San Raimondo Nonnato
Religioso
Aggiornato il 20 luglio 2026
La missione e il martirio
Originario della Catalogna, Raimondo scelse di abbracciare la via della carità radicale entrando, intorno al 1224, nell'Ordine della Mercede. La sua missione lo portò in Algeria, dove si offrì per riscattare gli schiavi. Catturato e fatto prigioniero, subì il supplizio del serraggio della bocca con un lucchetto, un tentativo violento dei suoi carcerieri di spegnere la sua predicazione e la sua testimonianza di fede.
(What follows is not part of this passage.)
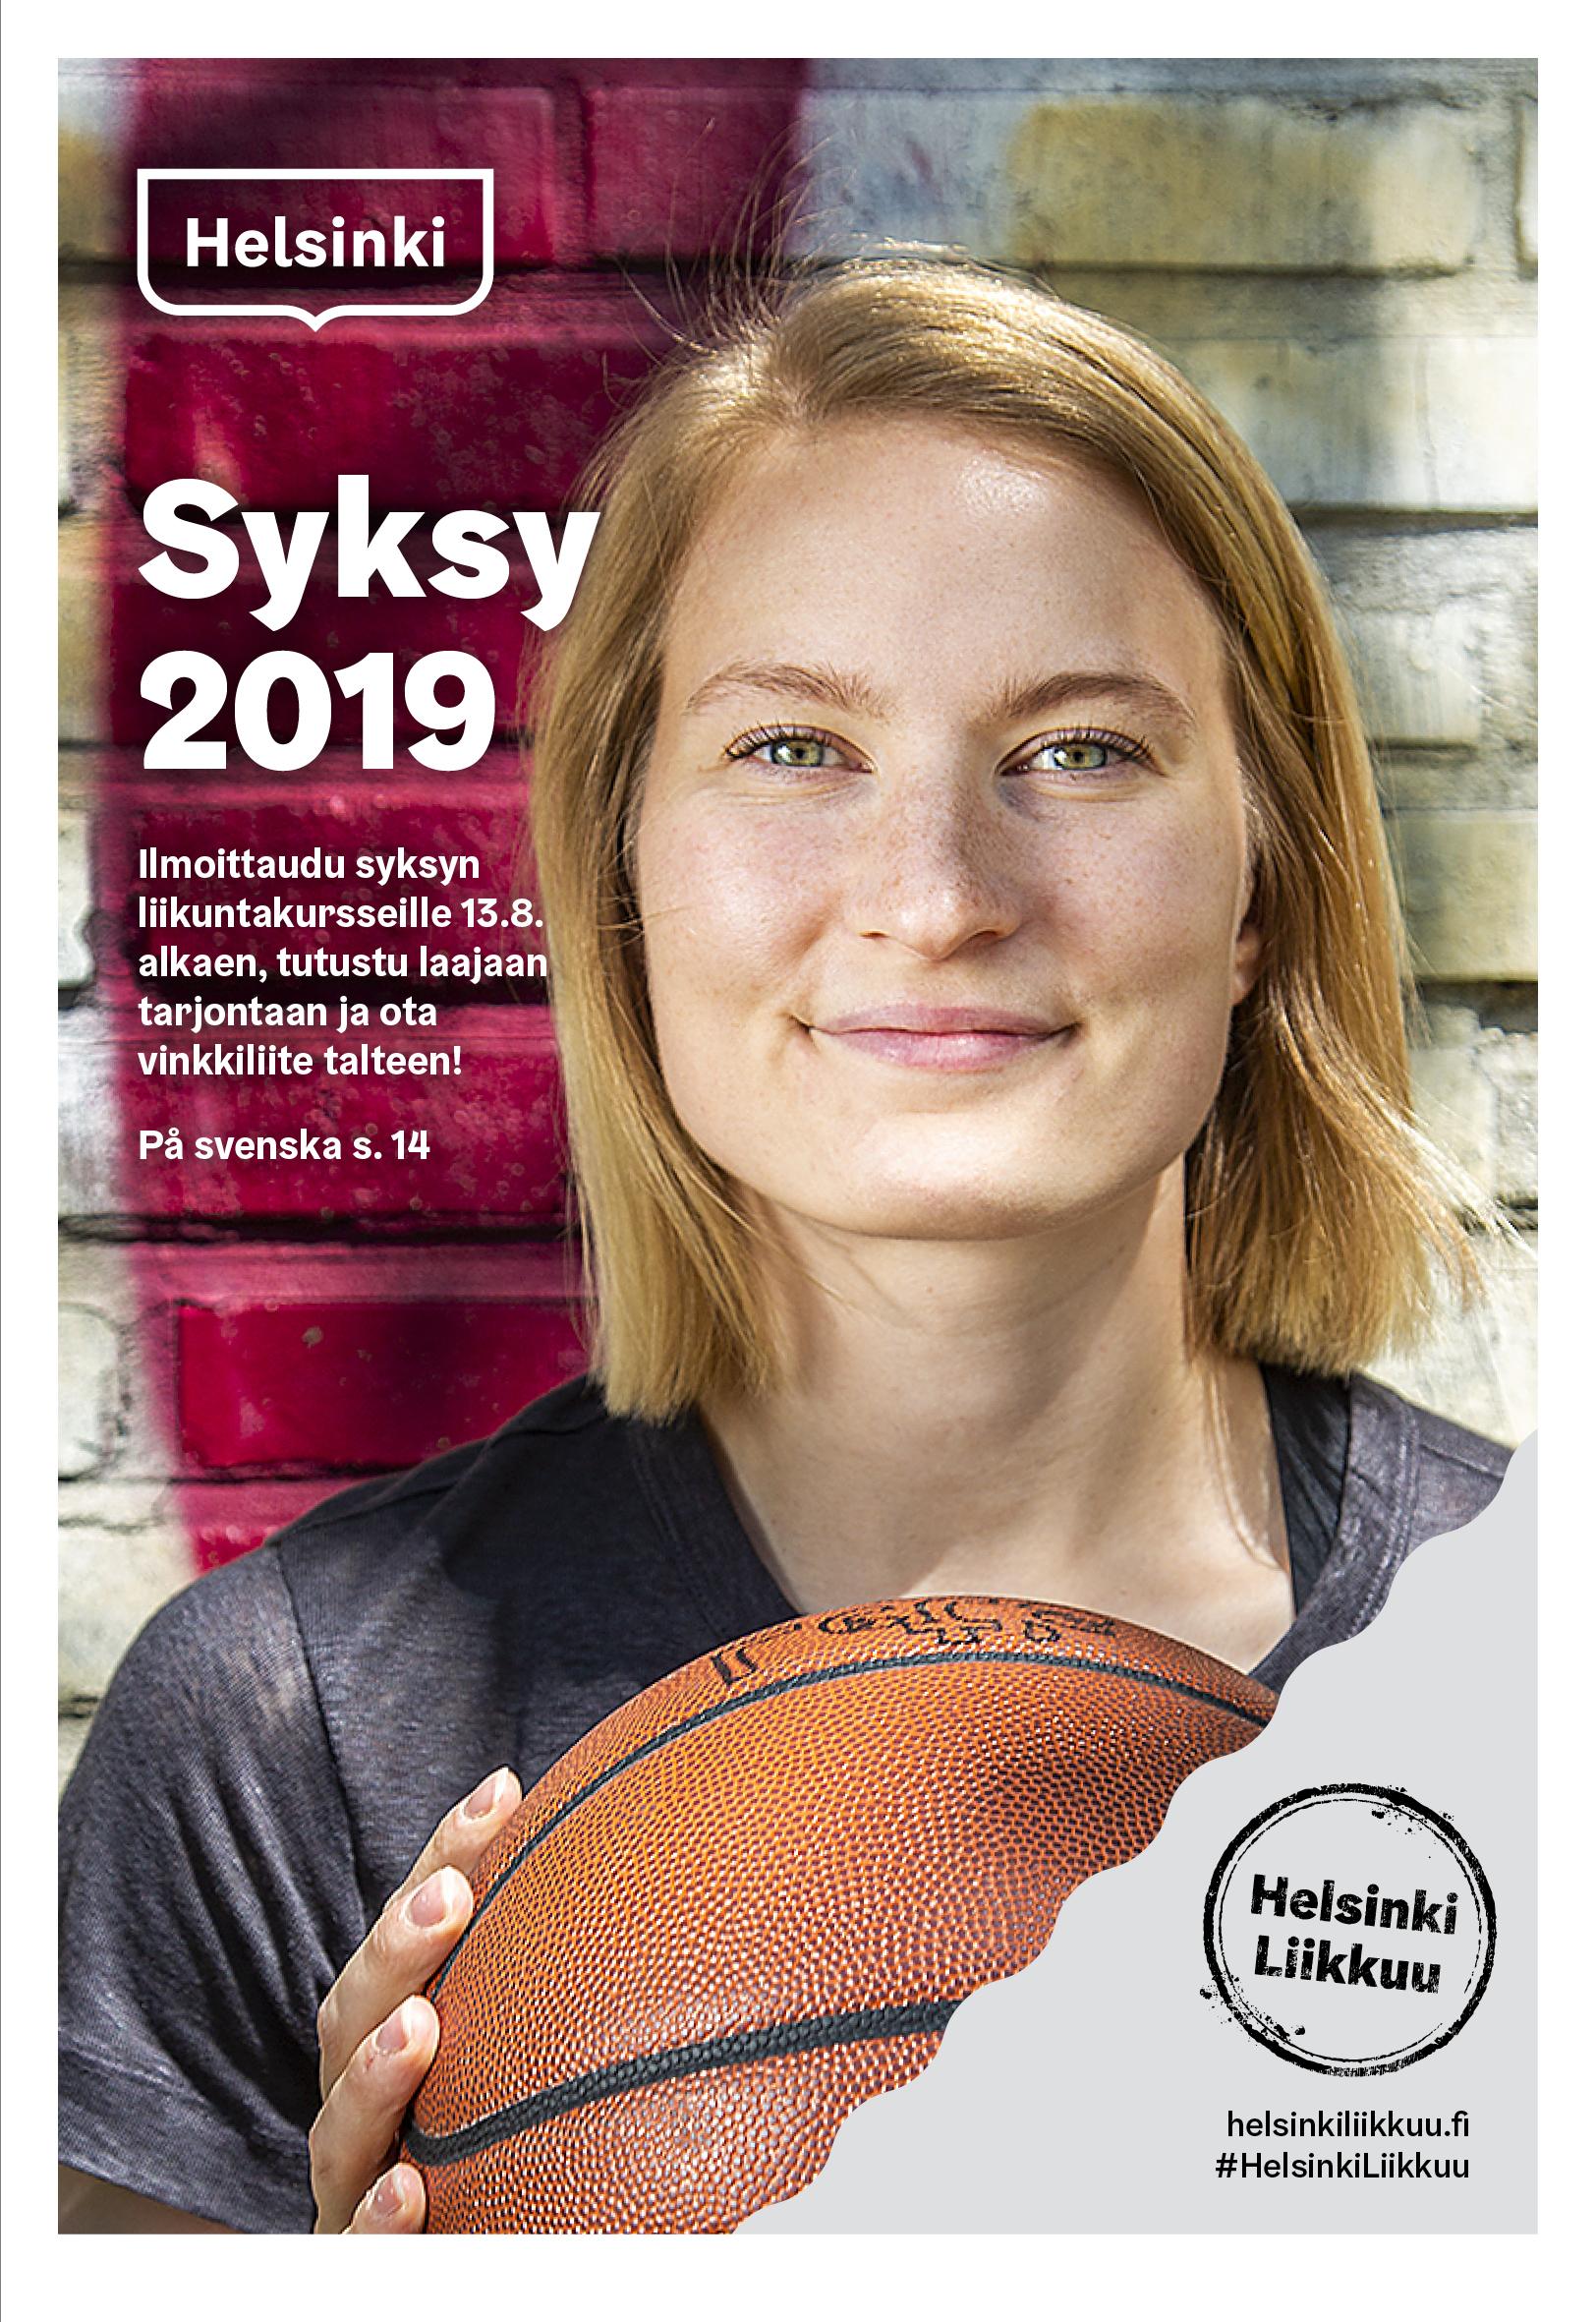 Helsingin_Uutiset_liikuntapalveluiden_syysesite_2019_netti

La sua fermezza e il suo servizio all'Ordine non passarono inosservati: fu inviato a Roma come patrocinatore della sua comunità presso la Santa Sede. Nel 1239, papa Gregorio IX lo creò cardinale. La morte lo colse per febbre a Cardona, nel 1240, proprio all'inizio del viaggio che lo avrebbe condotto nuovamente a Roma, concludendo così una vita interamente consumata per amore di Dio e dei fratelli.
La memoria e il culto
La memoria di san Raimondo Nonnato ha attraversato i secoli, lasciando un'impronta profonda nella devozione popolare. Canonizzato nel 1657, la sua festa liturgica è stata estesa a tutta la Chiesa nel 1681. Egli continua a essere invocato e venerato, in particolare, come protettore delle ostetriche, custode di quel mistero della nascita che si riflette nel suo stesso nome.
Domande frequenti
Quando si festeggia San Raimondo Nonnato?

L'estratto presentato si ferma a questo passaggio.